On the European debt crisis and the risk of a domino effect impacting the United States:

“I think there is a 70% chance they are going to muddle through.  I think they have the will and they are trying to figure out a way. There is a fat tail out there. If you have an unraveling of the Euro, that could be a global economic disaster. I don’t think it’s going to happen, but it’s possible. We have 15 billion of net exposure in Italy and Spain, and we are staying. We have been doing business with the clients for 50 years, and we hope to be doing business with them in 50 years. We take a risk doing that, but I think it’s a rational risk. A lot of banks have pulled back, but we are going to stay there and service our clients and probably gain a little share in some areas because of it. “


On whether he is looking to acquire banks in the Eurozone:

“We are not looking to acquire. Fortunately the ECB came in and made funding easy for these banks. I was afraid they were going to start liquidating assets like Lehman did and that causes real problem in the marketplace. What we see is a more orderly selling of assets. I actually credit that to the ECB.”

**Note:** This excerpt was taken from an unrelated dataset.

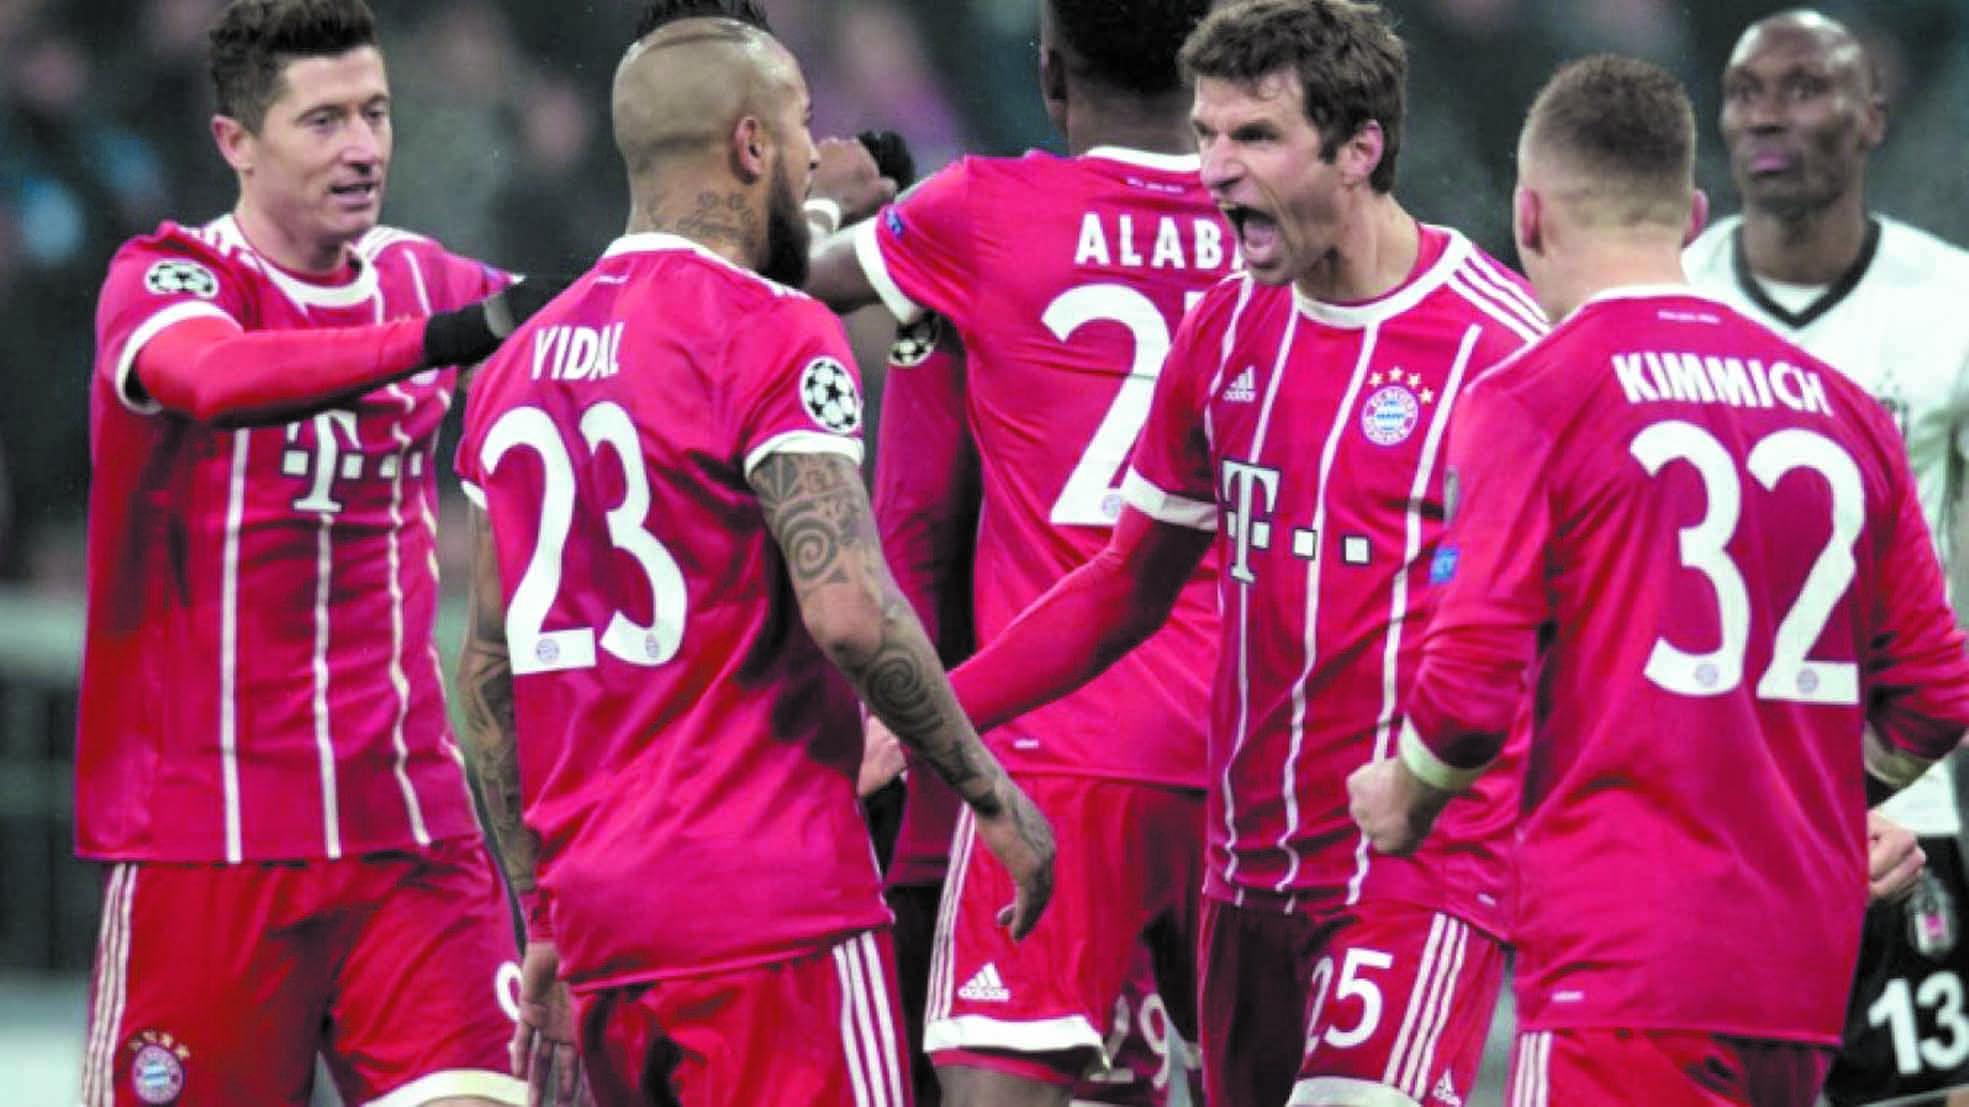 Le Bayern met KO Besiktas avec des doublés de Müller et Lewandowski

On the current economic climate in the United States:

“America is growing by 3 million people a year, businesses are expanding; not dramatically. Our sense is there is a recovery going on; its mild, but its broad based, and it may be strengthening over time. We serve our clients in good times and bad. We are always expanding regardless of the economy.”


On the disagreements in Washington as to how to stimulate the economy:

“Thoughtful, rational, coordinated policy, that helps us recover. We have made this recovery slower and worse by uncoordinated policy and other things that were misguided. When businesses complain as much as they do about regulation, my experience is there is usually some truth to it. Business in America is a great thing. Yes, businesses do something wrong, but business is a great thing. And we denigrate endlessly out of Washington business like it’s a bad thing.”

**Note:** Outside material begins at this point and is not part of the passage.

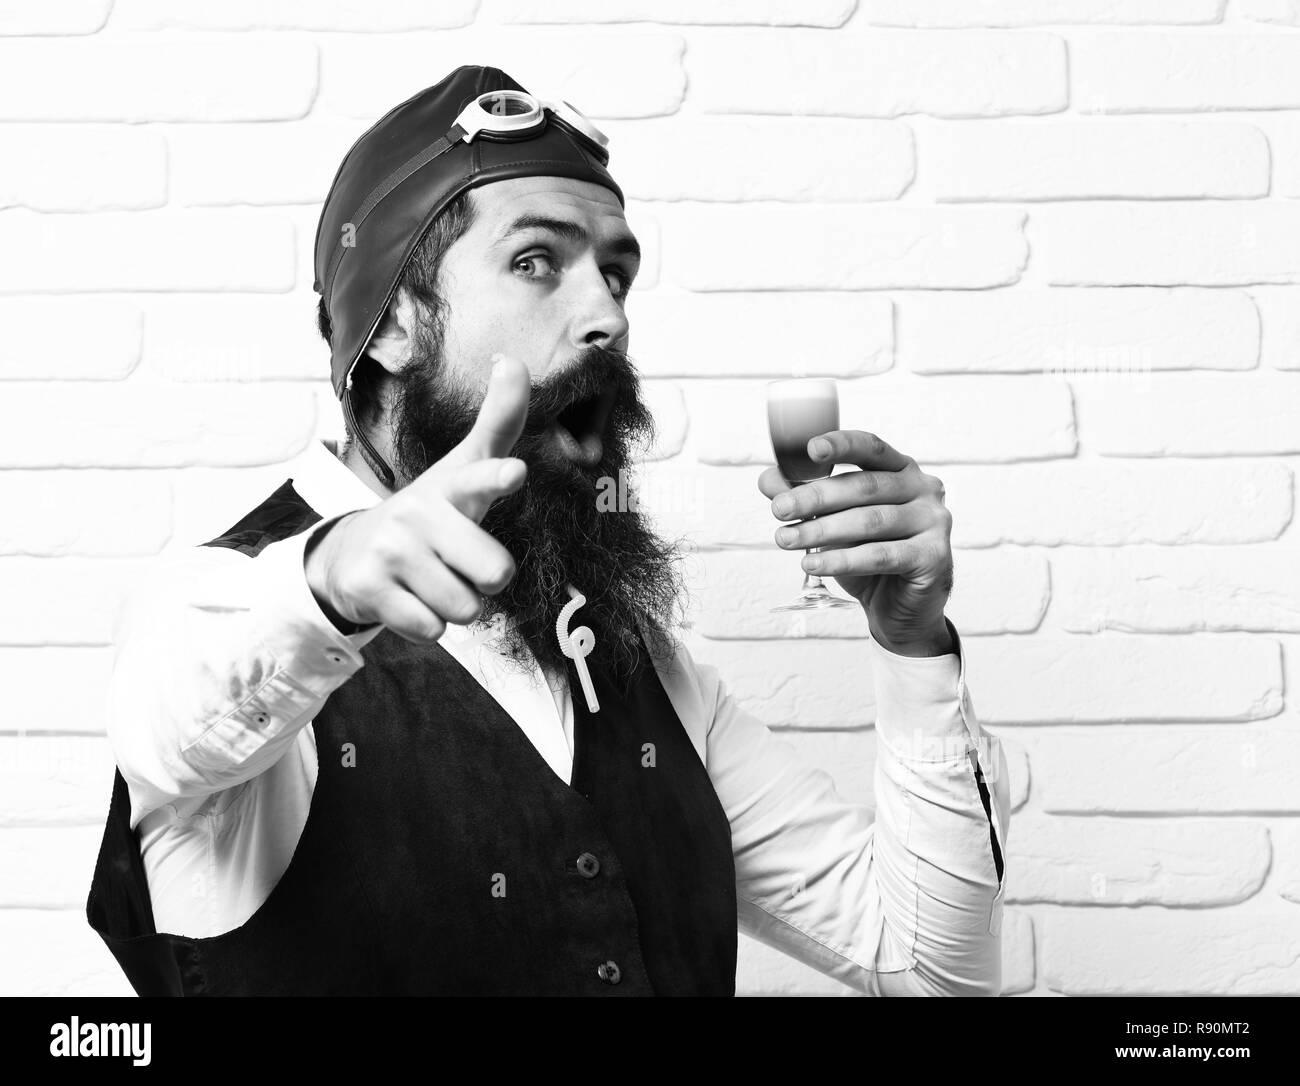 Schöne bärtige aviator Mann mit langem Bart und Schnurrbart auf überrascht Gesicht holding Glas alkoholische Schuß in Vintage Leder weste mit Hut und Brille auf der weißen Wand Hintergrund. Stockfoto
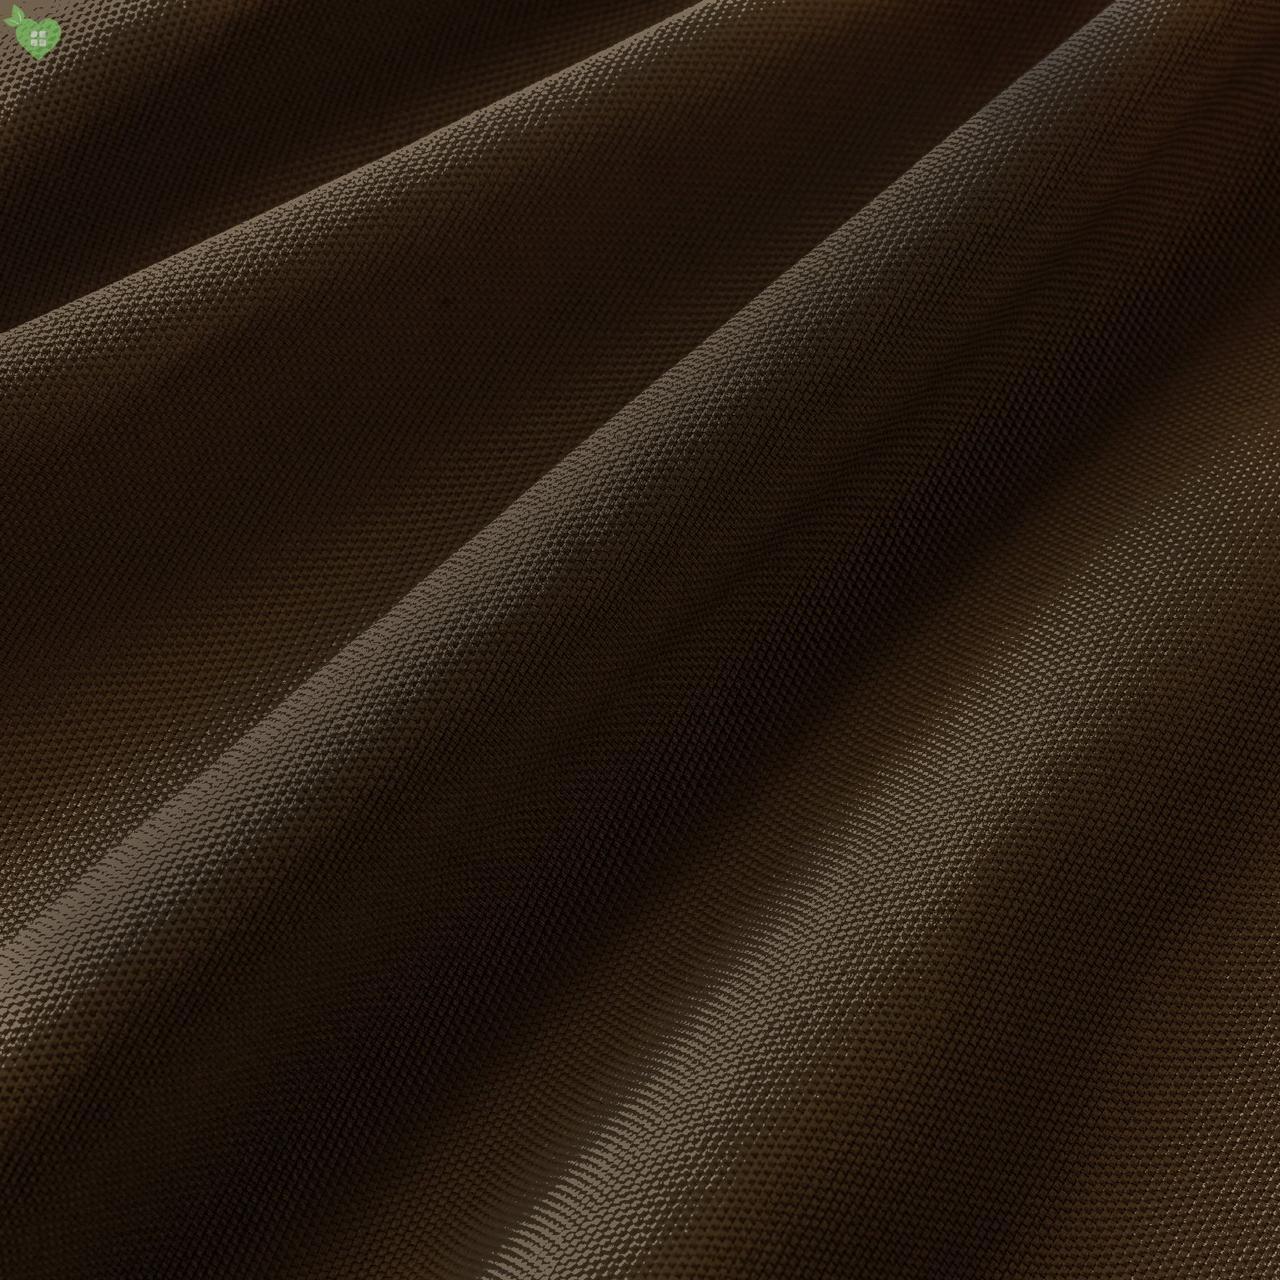 Уличная ткань фактурная коричневого цвета для штор на веранду 84272v6

On whether Washington is doing anything right now to dissuade them from hiring:

“Not us. I think policy is much harder on smaller banks. Some of these rules are tougher on them than they are on us. And I don’t think that’s a good thing.”


On Occupy Wall Street:

“People in America have the right to speak their mind. It was peaceful. I agree with them; the institutions of America, broadly defined, let us down. That includes Wall Street, Washington. When you get beyond that and blame all equally, that’s not accurate. That leads to bad policy. How do you fix the problem, while celebrating work, success, meritocracy. Let’s not throw the baby out with the bath water. That’s what made the country great and it’s a mistake to act like that’s the problem.”


On how he would like to see Washington proceed to stimulate the economy:

“American business is moving beyond the government. Turn the TV off and get back to business.”